Este Papa decidió no solo aprobar sus posturas (principalmente su magnífica obra “Adversus Haereses: Contra las Herejías”, sino extender su fiesta, su Misa y su oficio (que celebramos el pasado 28 de Junio), a toda la Iglesia Católica. Es evidente que el Papa Benedicto XV jamás habría declarado santo—una vez más—a San Ireneo, y extender su culto a toda la Iglesia, si éste hubiera caído en una herejía. 

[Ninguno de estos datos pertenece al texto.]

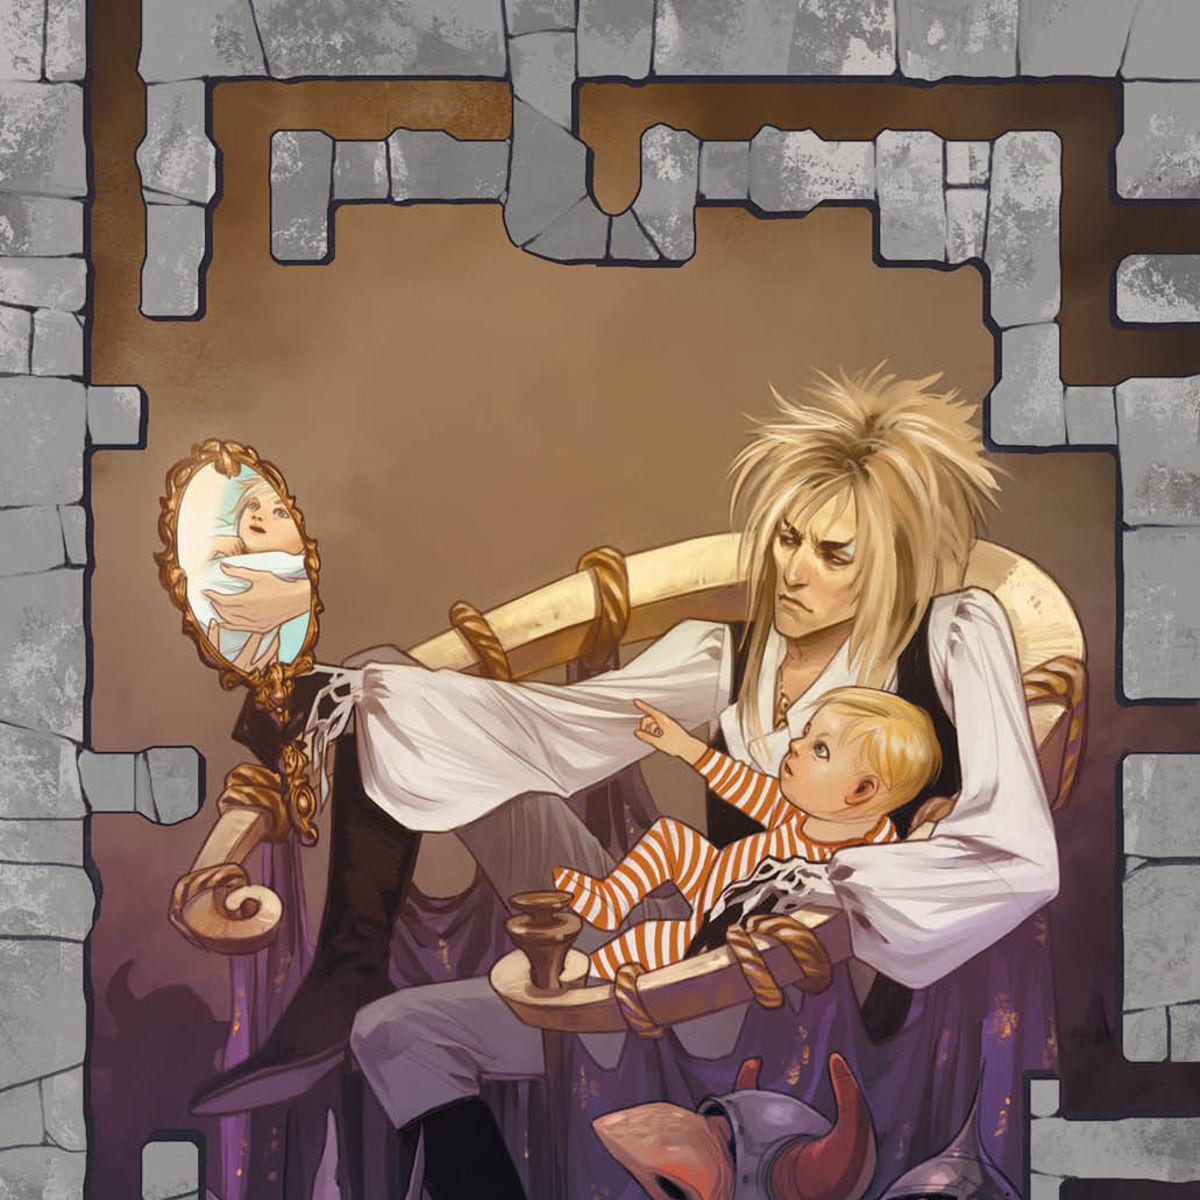 labyrinth_001_a_main_fionastaples.jpg

Los Sumos Pontífices de los últimos tiempos no han cesado de inculcar la obligación de buscar primeramente el sentido literal de los textos (cf. Encíclicas “Providentissimus Deus”, de León XIII; “Spiritus Paraclitus” de Benedicto XV y especialmente “Divino Afflante Spiritu” de Pío XII). La Iglesia obliga a que se interprete primeramente el sentido literal (como el principal, de ahí su obligatoriedad).

El mismo San Jerónimo, de quien el Papa Benedicto XV dice que también pagaba tributo a la interpretación alegórica, que dominaba en la Escuela de Alejandría, declara al respecto:

“No es posible que tantas promesas como cantaron en el sentido literal los labios de los santos profetas, queden reducidas a no ser ya otra cosa que fórmulas vacías y términos materiales de una simple figura de retórica; ellas deben, al contrario, descansar en un terreno firme” (citado por Su Santidad el Papa Benedicto XV). Llama a la interpretación literal un terreno firme.

El abuso de la interpretación alegórica de las Escrituras según la fantasía de cada uno puede conducir a grandes daños, denuncia Monseñor Straubinger.

“Todas … se durmieron” (San Mateo XXV, 5). Todos los hombres de Iglesia se durmieron en el sueño de la alegoría, fueron aletargándose con el paso del tiempo, hasta que la Parusía quedase en el olvido. Ya es hora de despertar, de abrir los ojos a la realidad del prístino amor por la venida de Nuestro Señor Jesucristo y su consiguiente preparación.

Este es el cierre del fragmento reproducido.